= WORK TO BE COMPLETED =
With the pictures left out, transcribe exactly the lines from the one with "Chanel Classic Flap" through the end of the data.

DATA BLOCK START

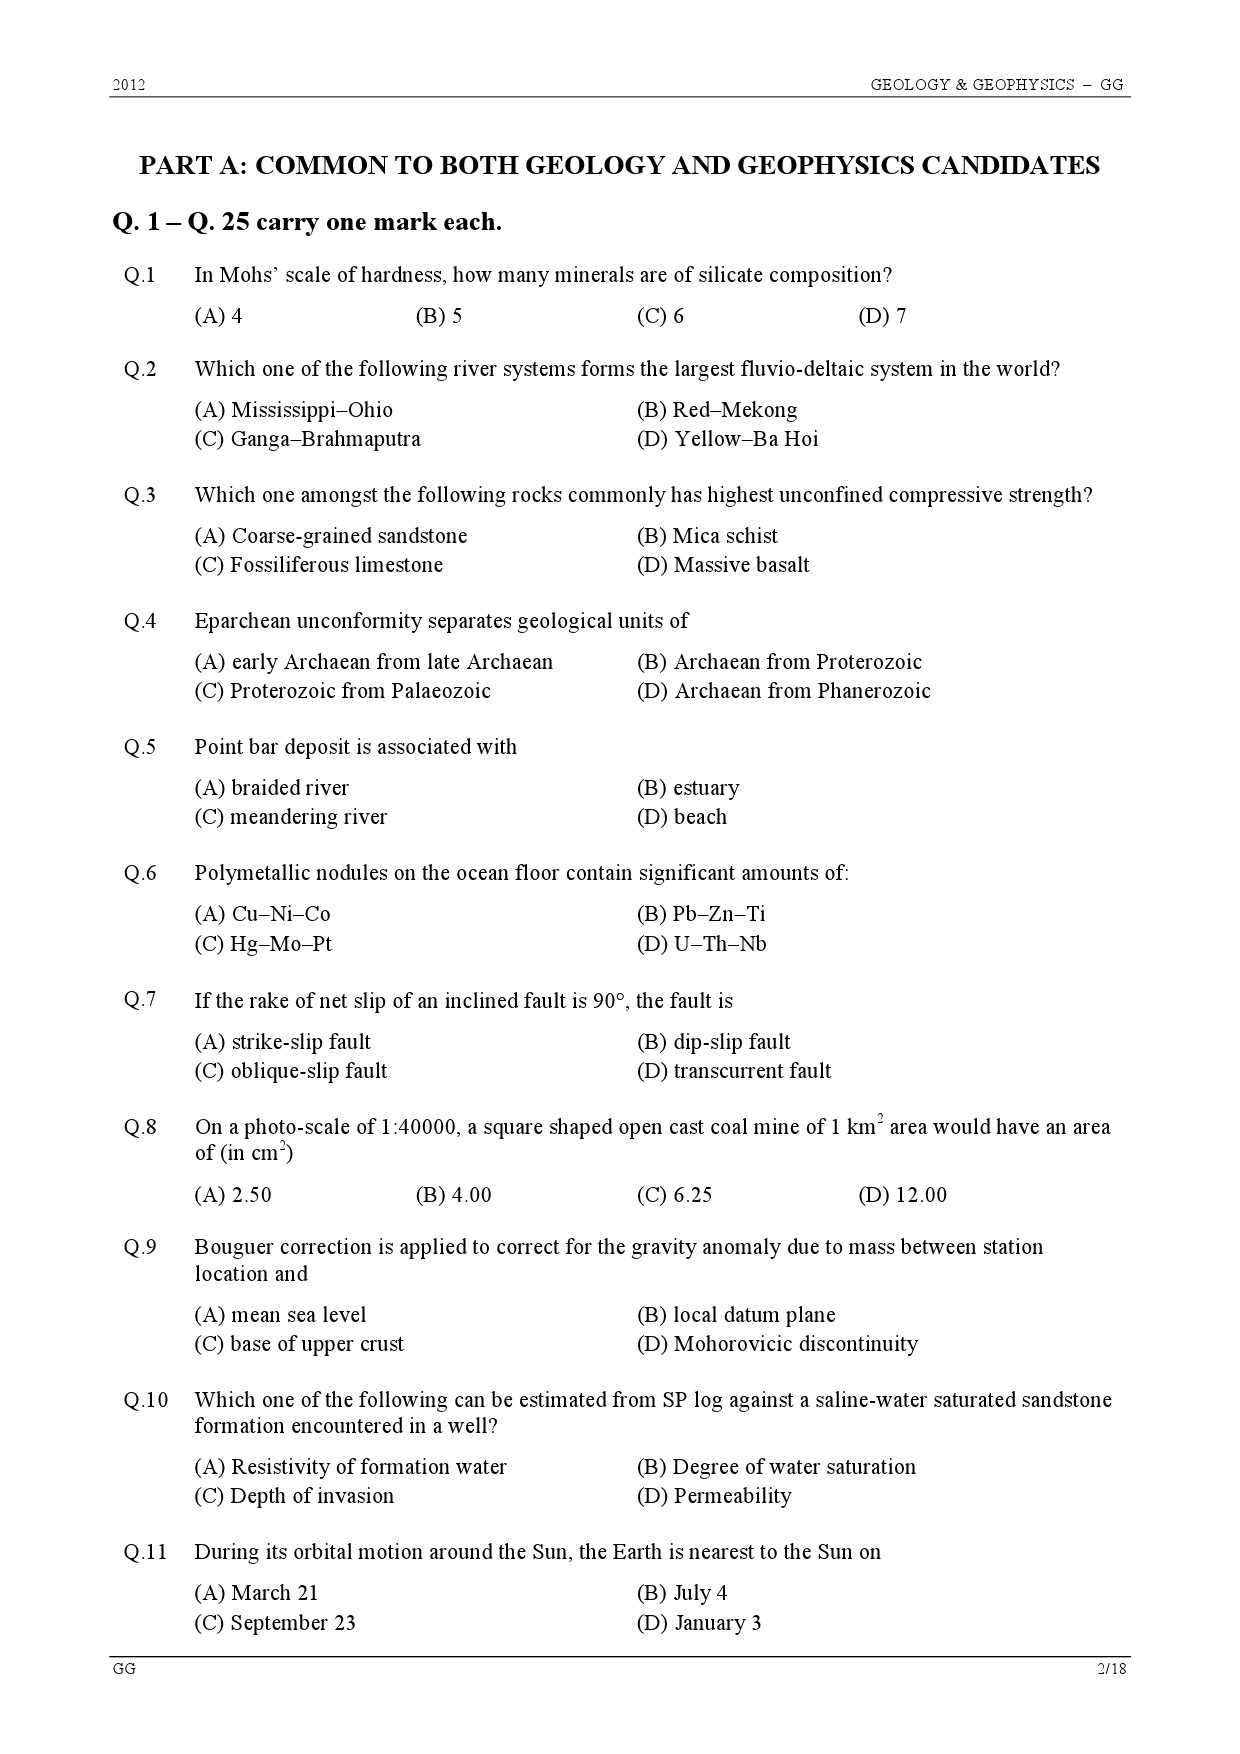 GATE Exam Question Paper 2012 Geology and Geophysics 2
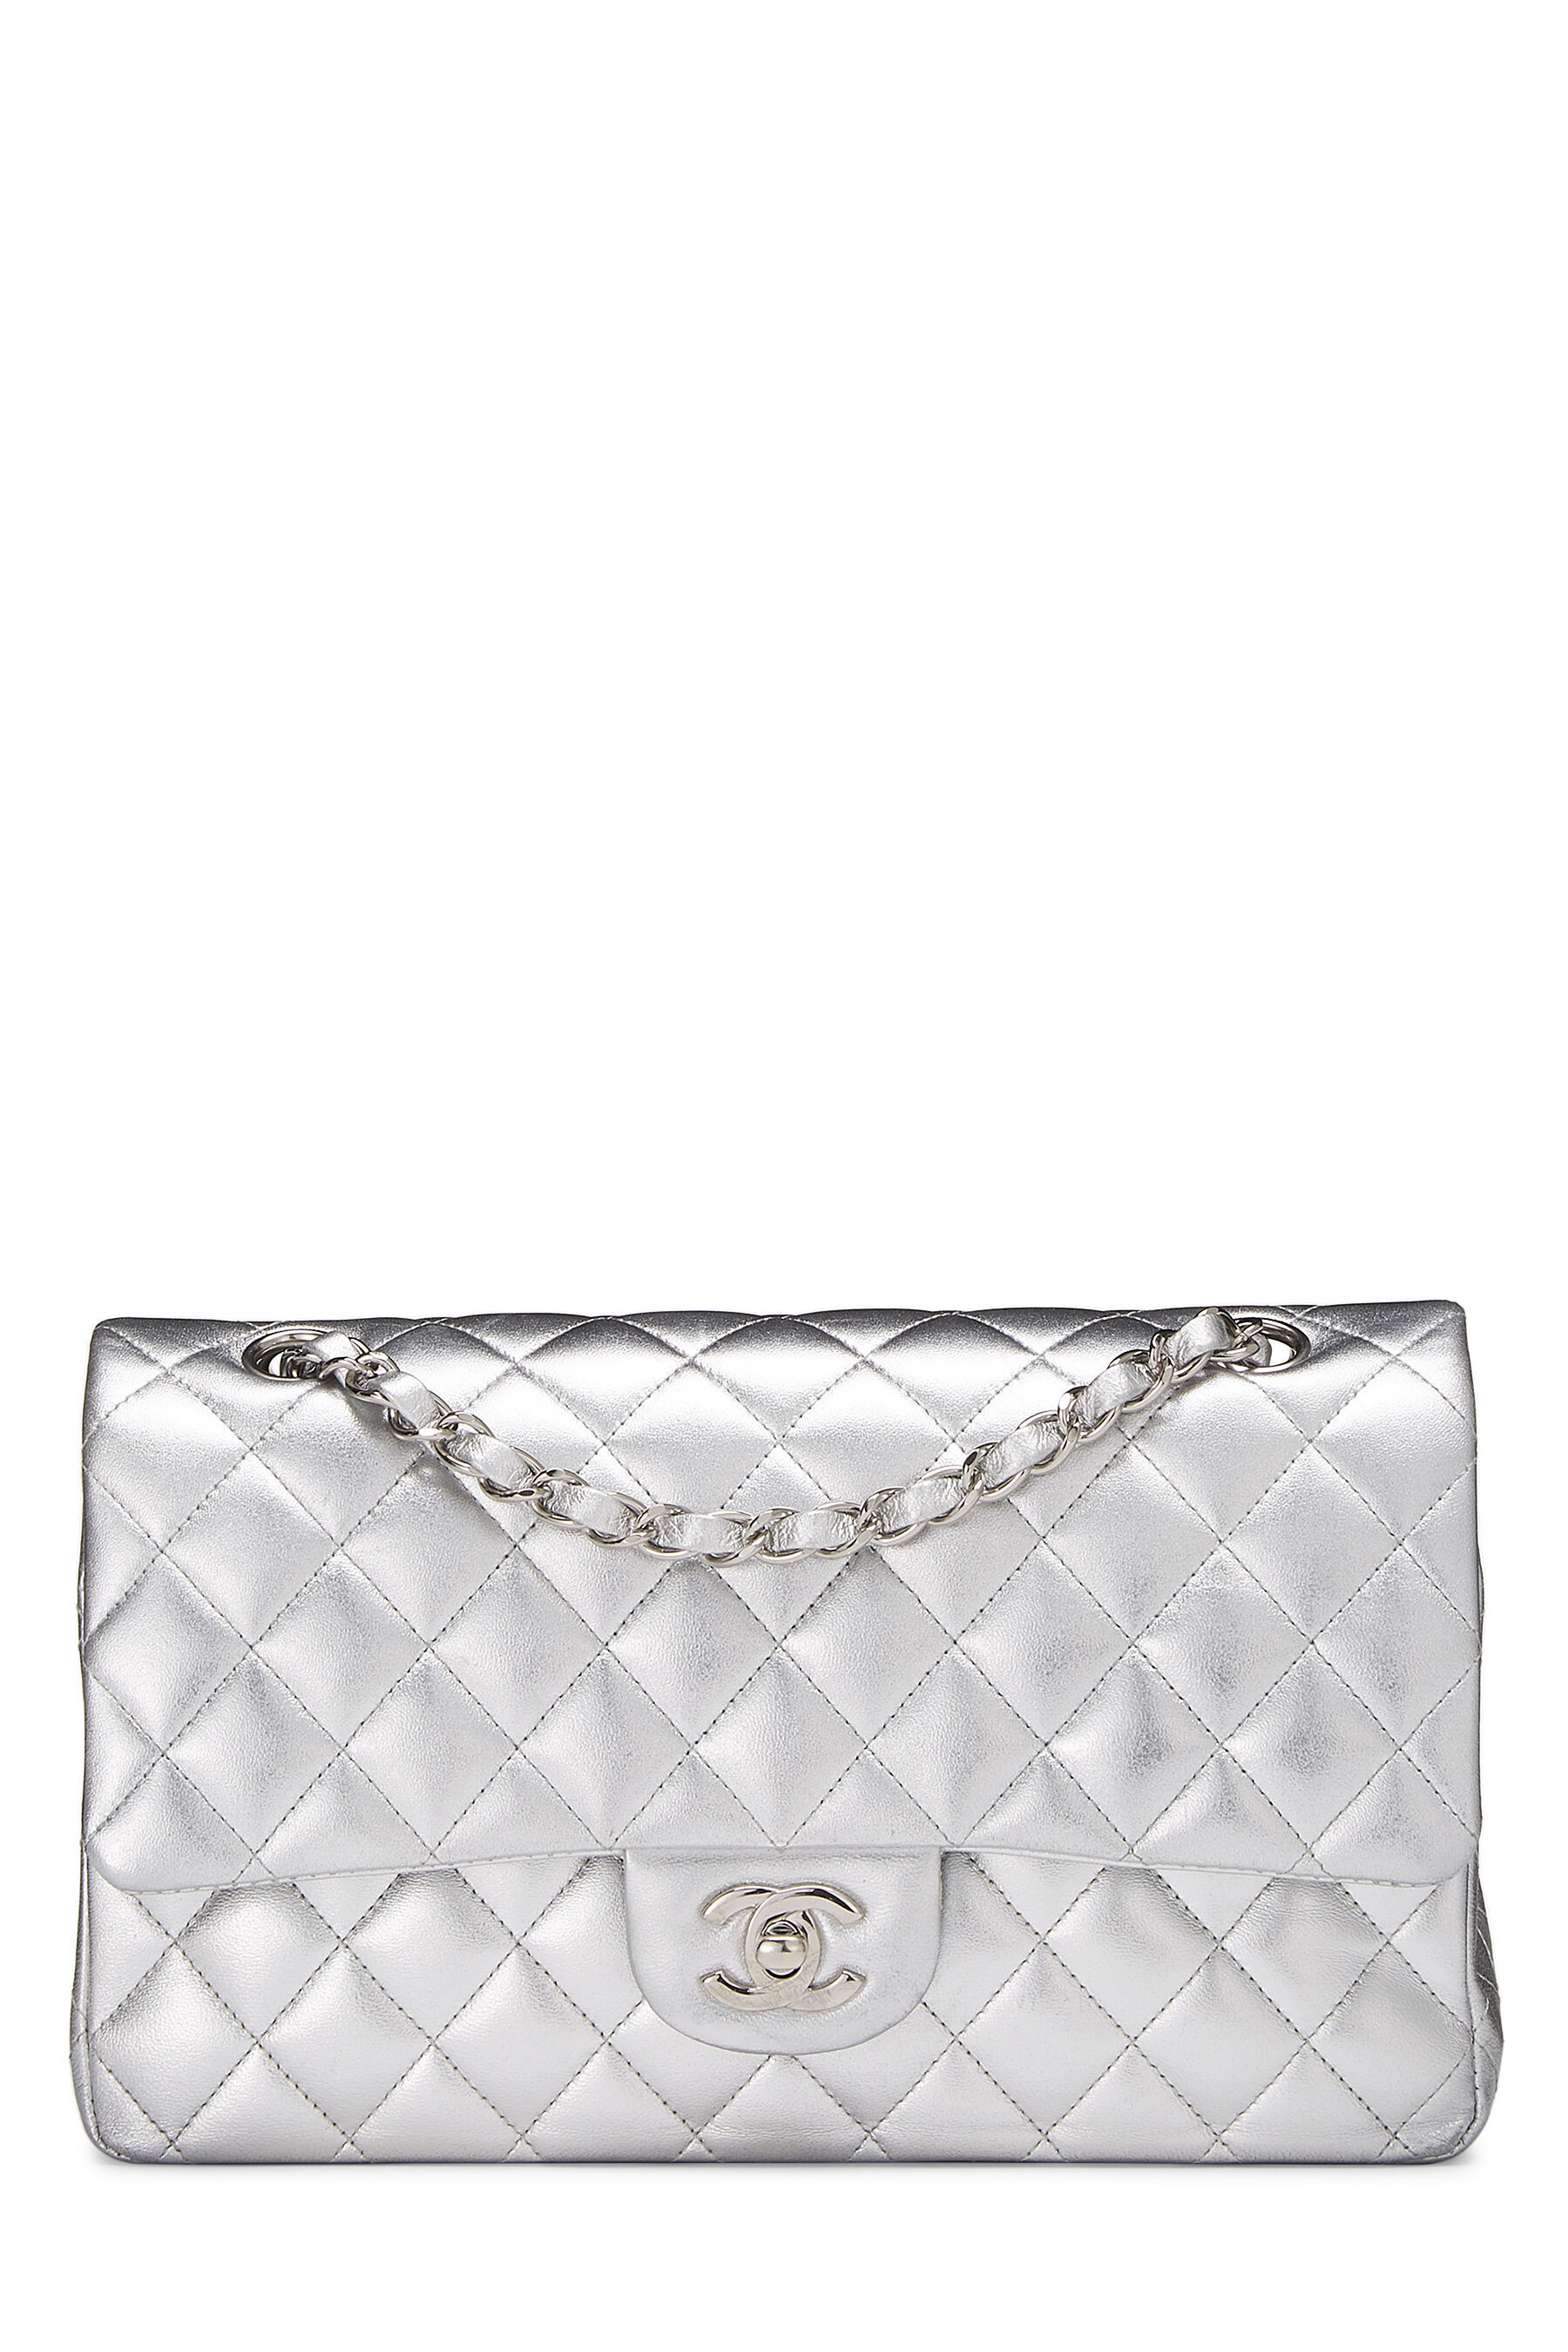 Chanel Classic Flap Cc Laser Cut Metallic Silver Leather Shoulder Bag For  Sale at 1stDibs  cc cut silver chanel bag chanel silver bag
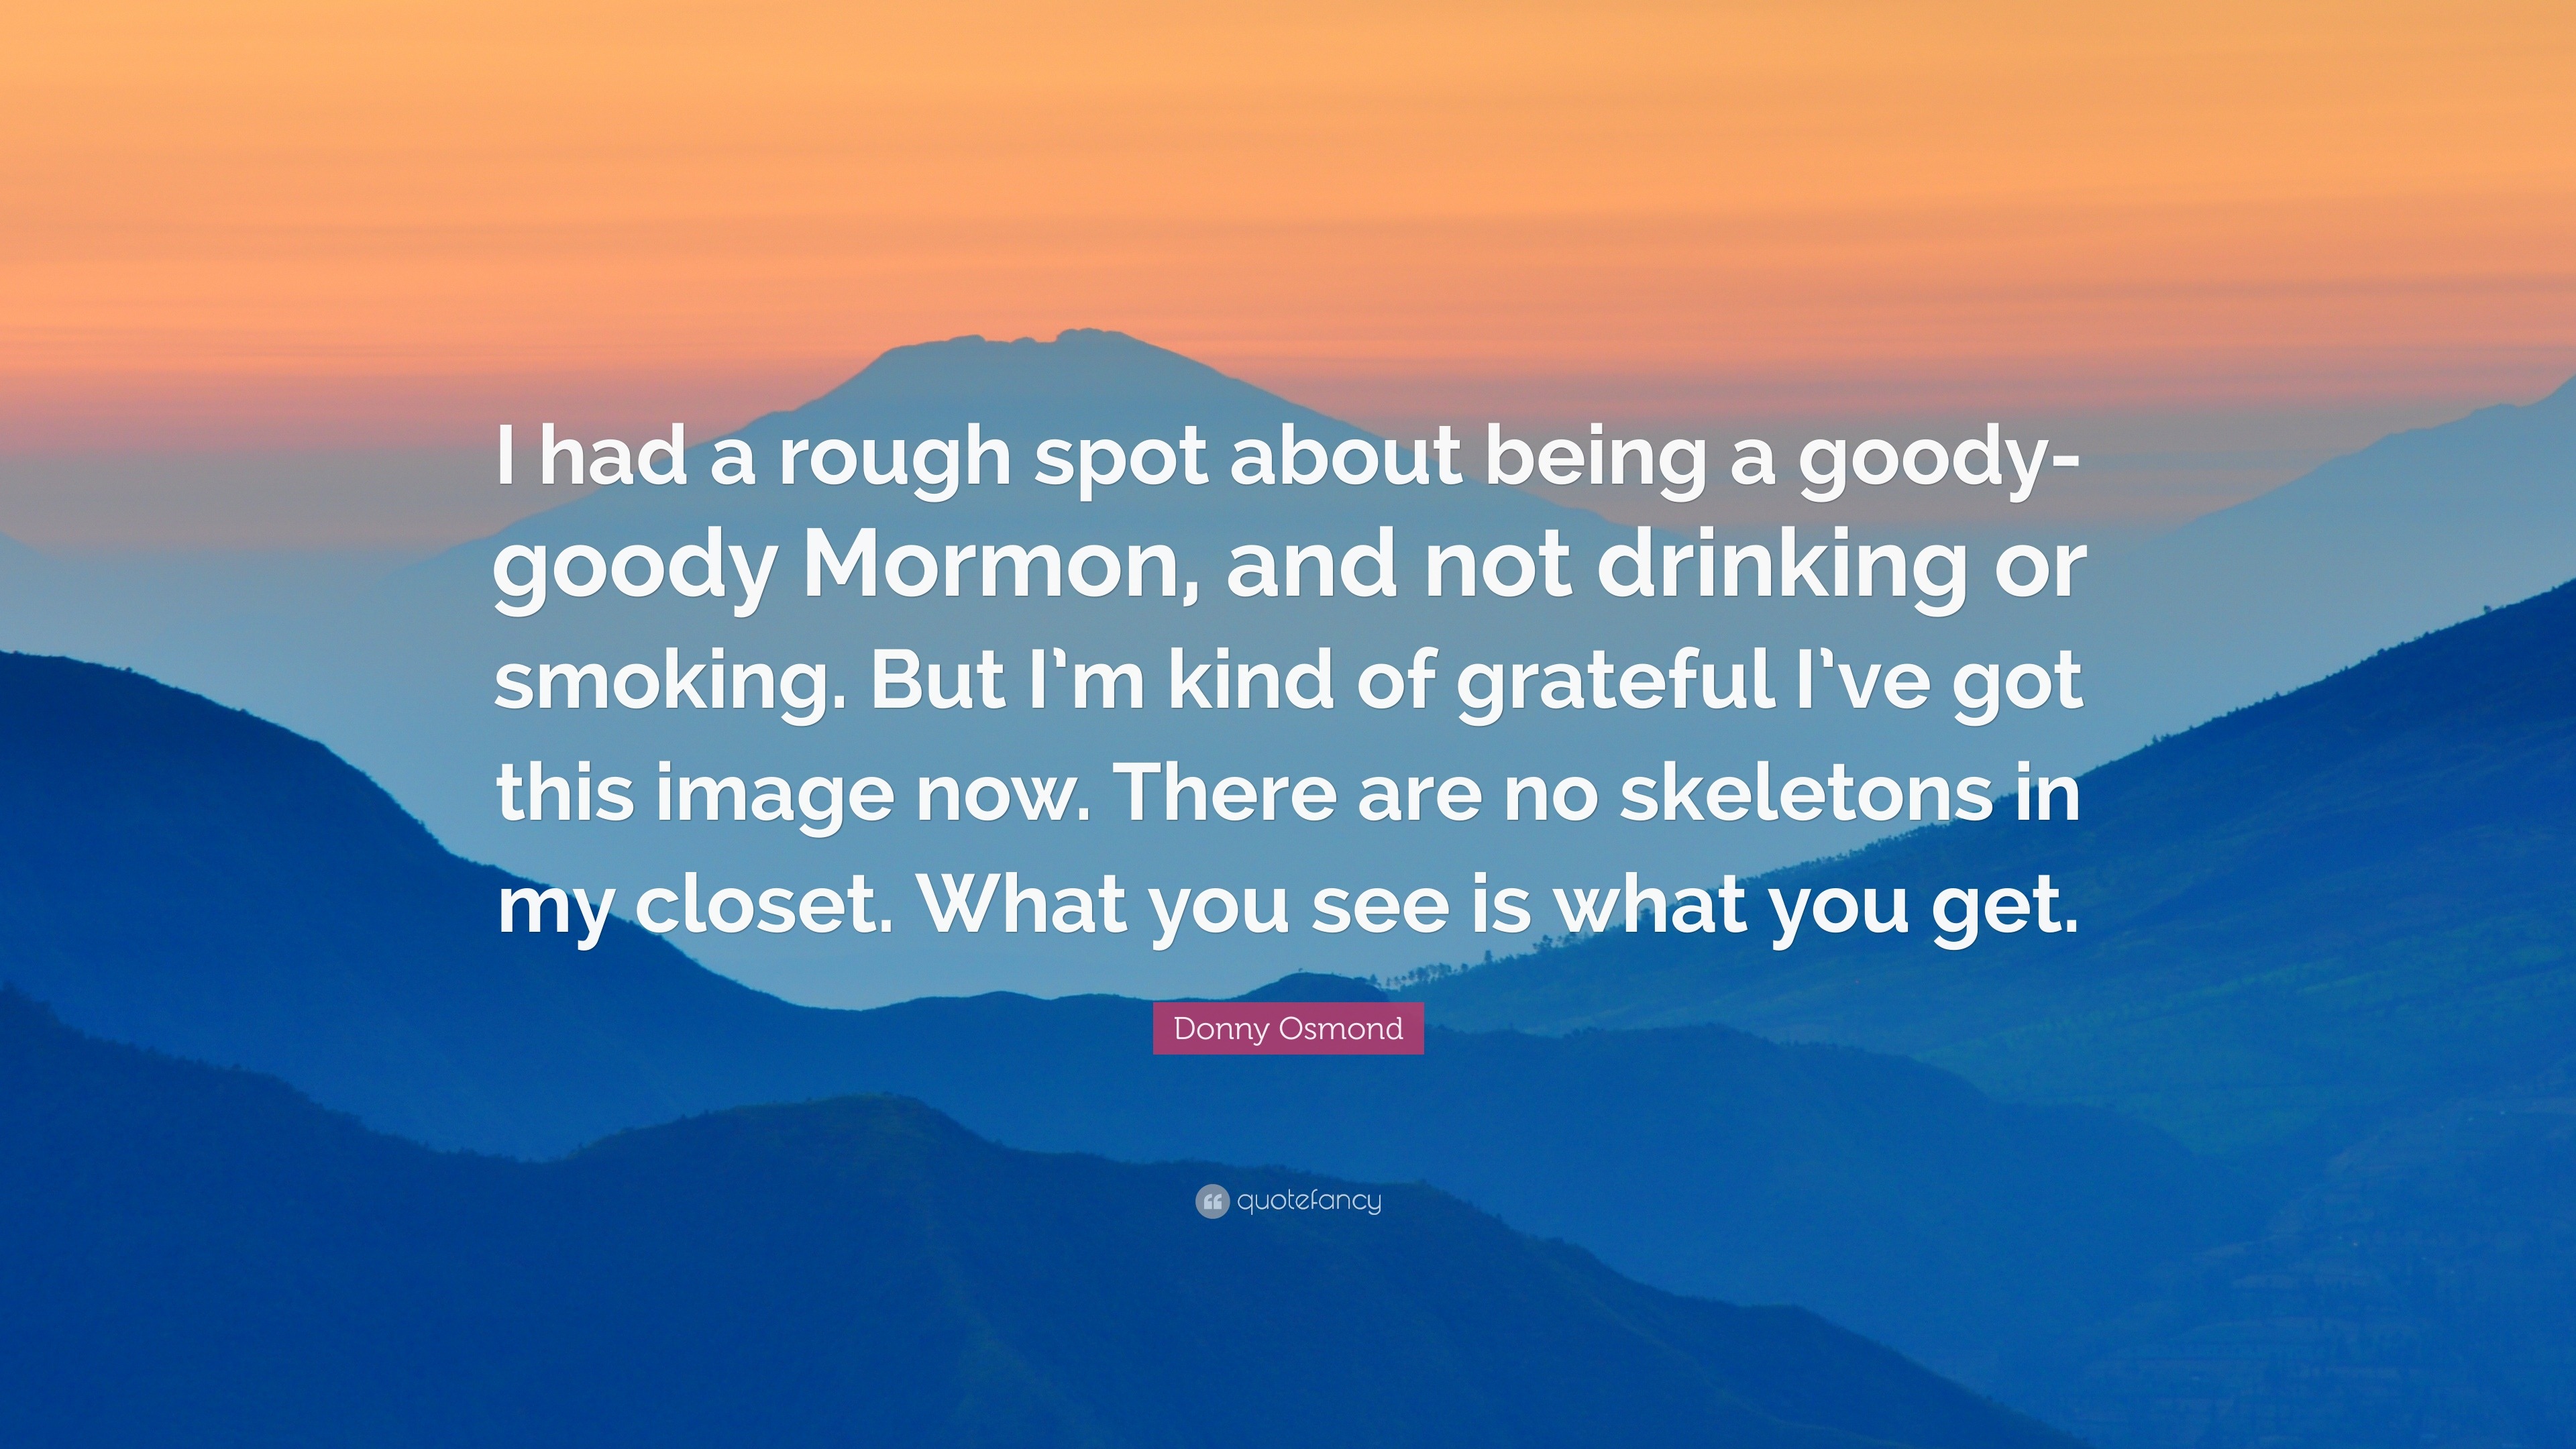 Donny Osmond Quote: “I had a rough spot about being a goody-goody Mormon,  and not drinking or smoking. But I'm kind of grateful I've got this...”

DATA BLOCK END

= WRITTEN RESPONSE =
 Chanel Classic Flap Cc Laser Cut Metallic Silver Leather Shoulder Bag For  Sale at 1stDibs  cc cut silver chanel bag chanel silver bag
 Donny Osmond Quote: “I had a rough spot about being a goody-goody Mormon,  and not drinking or smoking. But I'm kind of grateful I've got this...”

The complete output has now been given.